Requirement ::
Copy, word for word, the lines below from the one containing "Glas platzteller oder" up to and including the one containing "ホテル フィーノ ウェスタン 新横浜 ベスト", with pictures left out.

Excerpted data ::

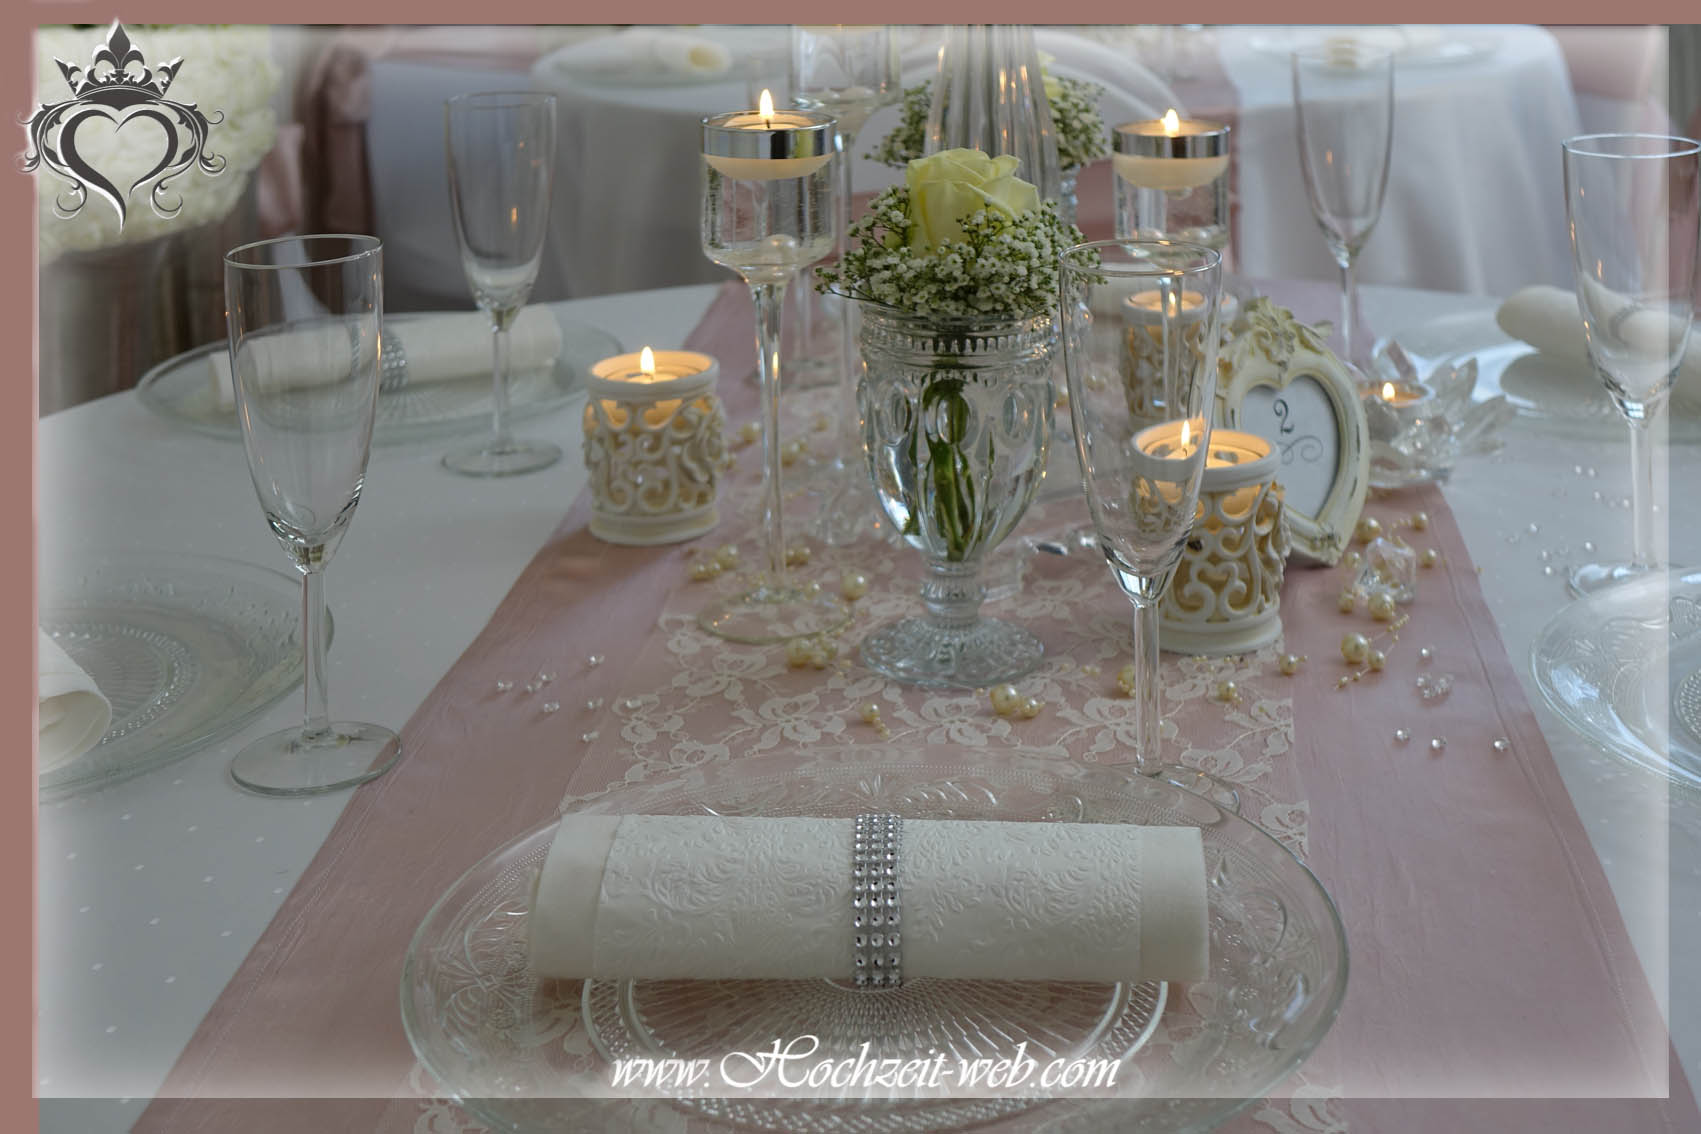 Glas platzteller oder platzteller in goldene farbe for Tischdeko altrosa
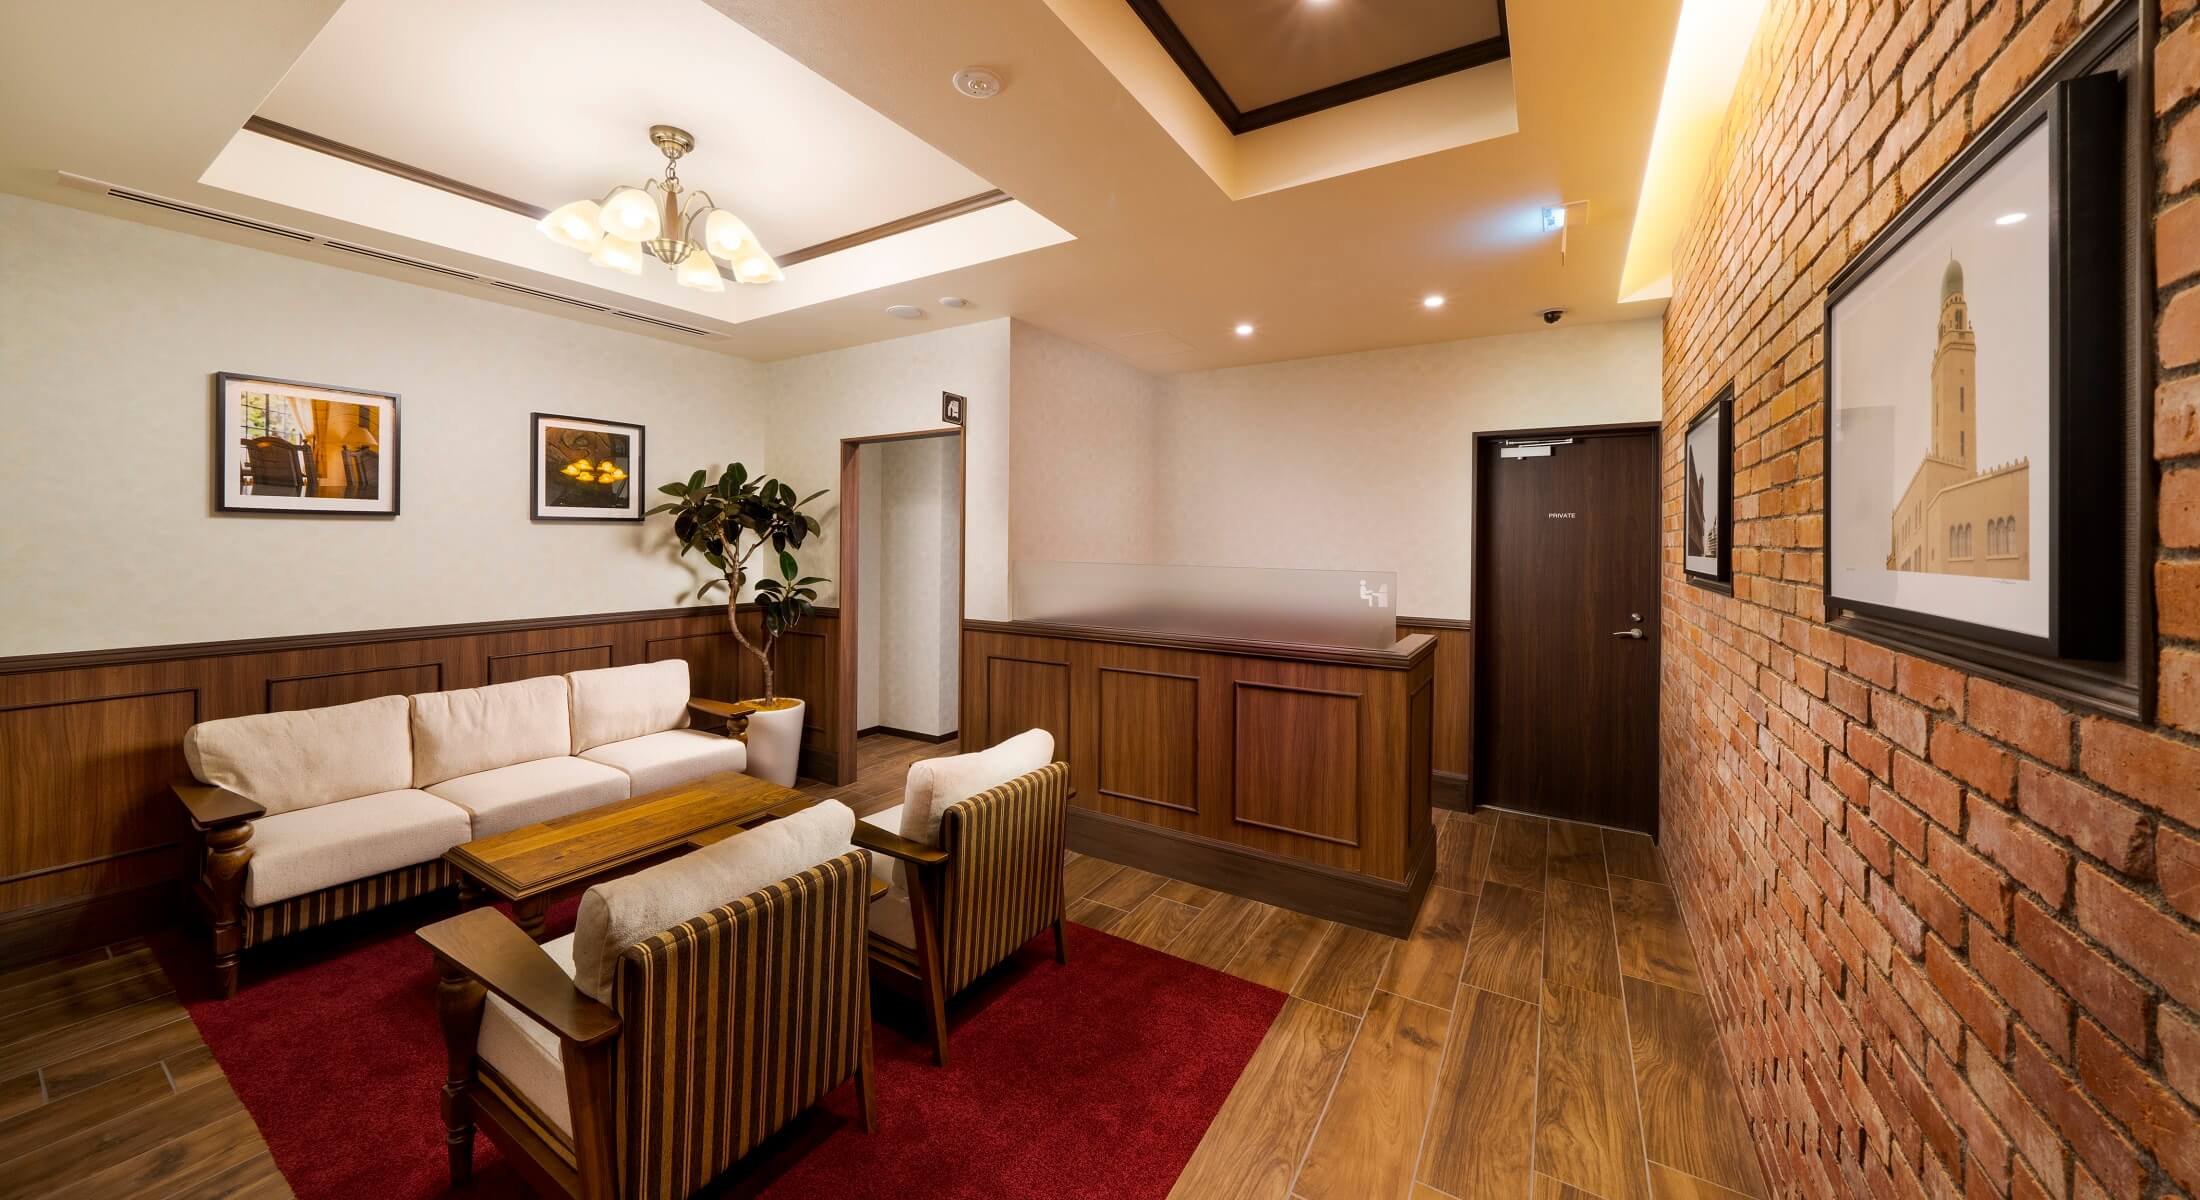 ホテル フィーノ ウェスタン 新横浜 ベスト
---
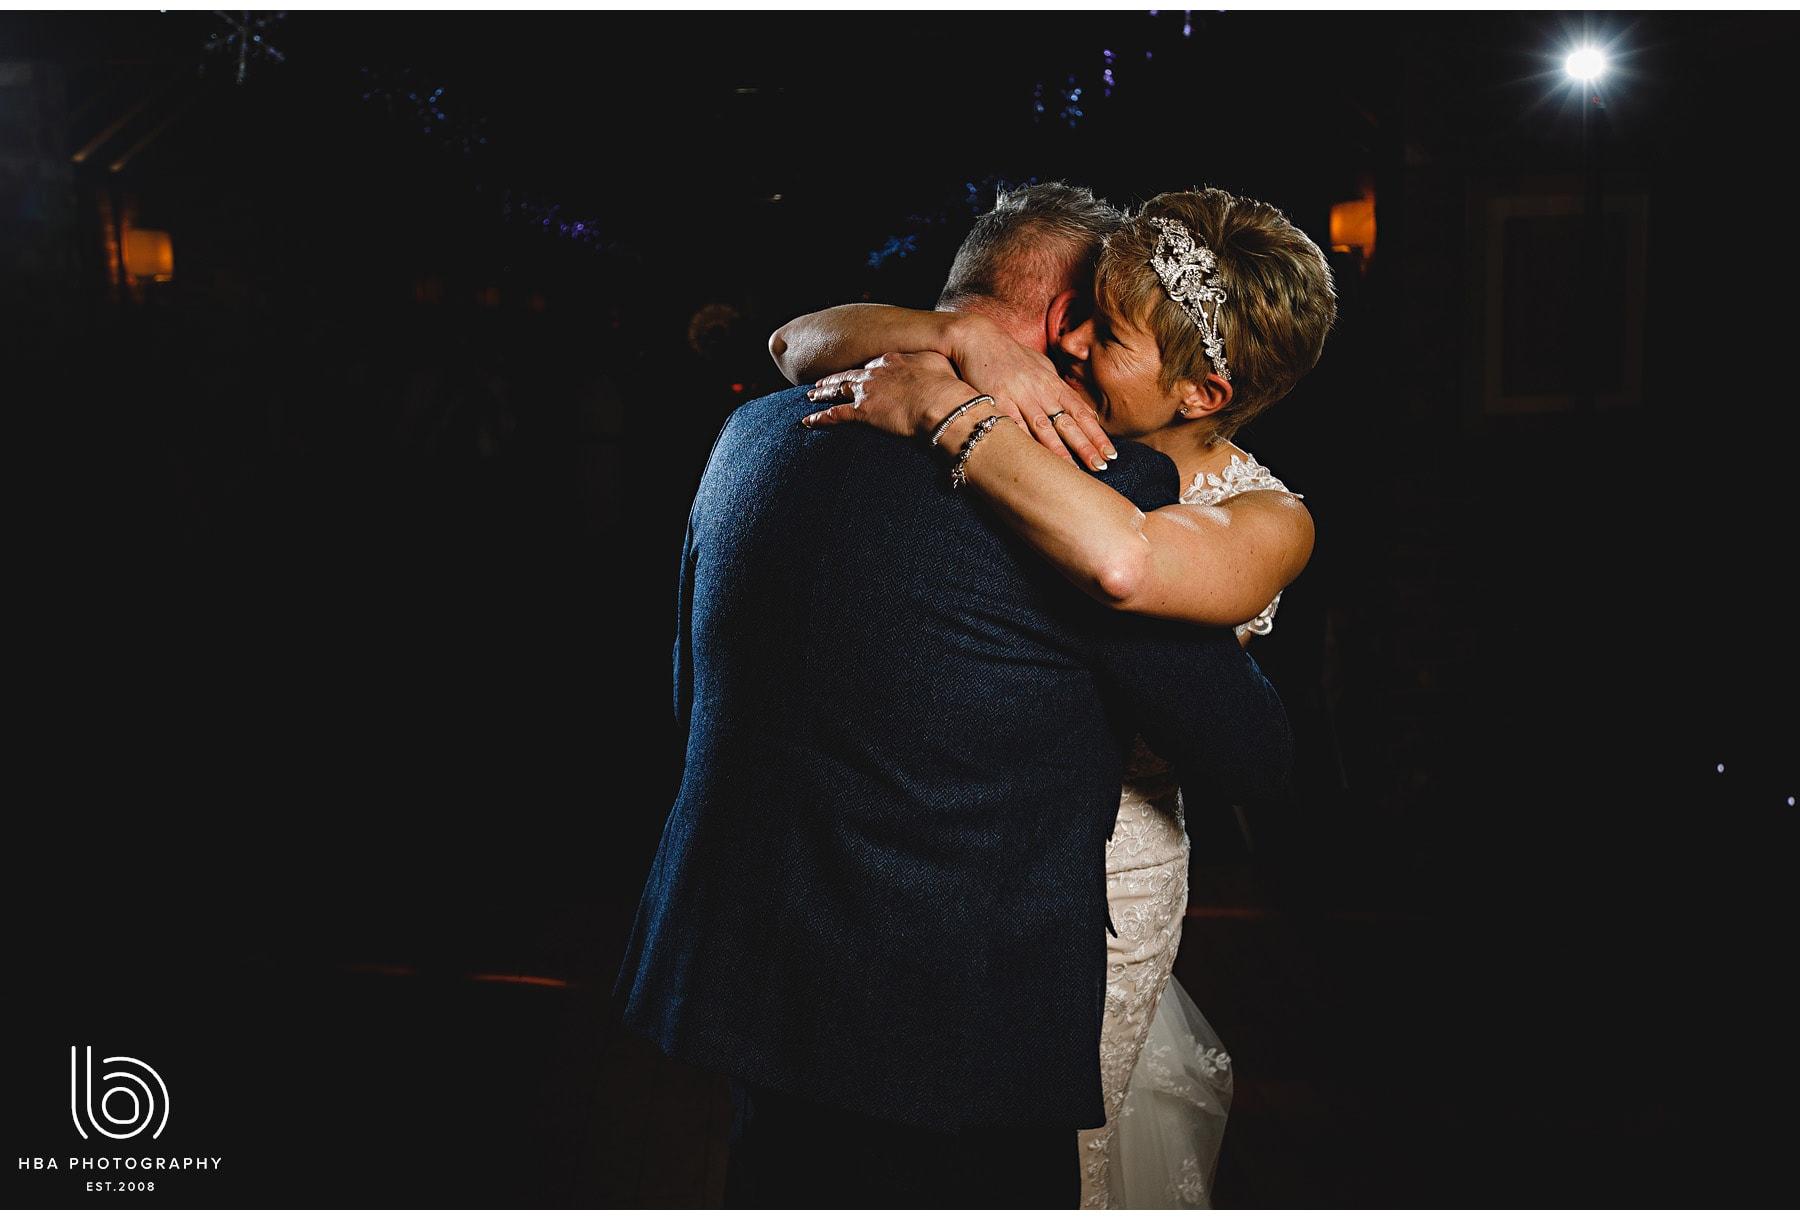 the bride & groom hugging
* * *
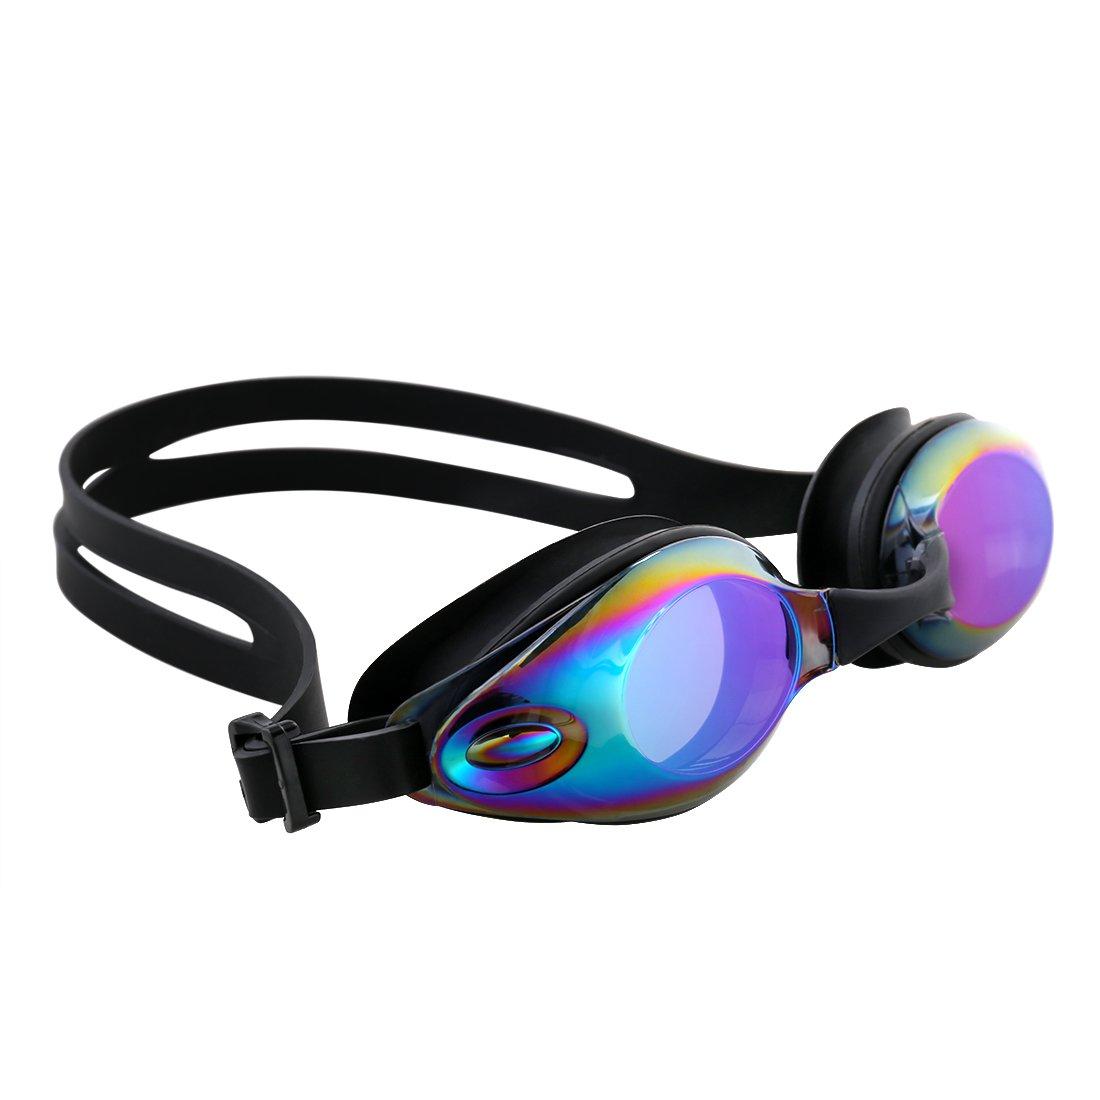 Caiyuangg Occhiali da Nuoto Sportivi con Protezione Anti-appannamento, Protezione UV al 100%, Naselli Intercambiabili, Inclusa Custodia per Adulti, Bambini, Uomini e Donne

Answer space ::
 Glas platzteller oder platzteller in goldene farbe for Tischdeko altrosa
 ホテル フィーノ ウェスタン 新横浜 ベスト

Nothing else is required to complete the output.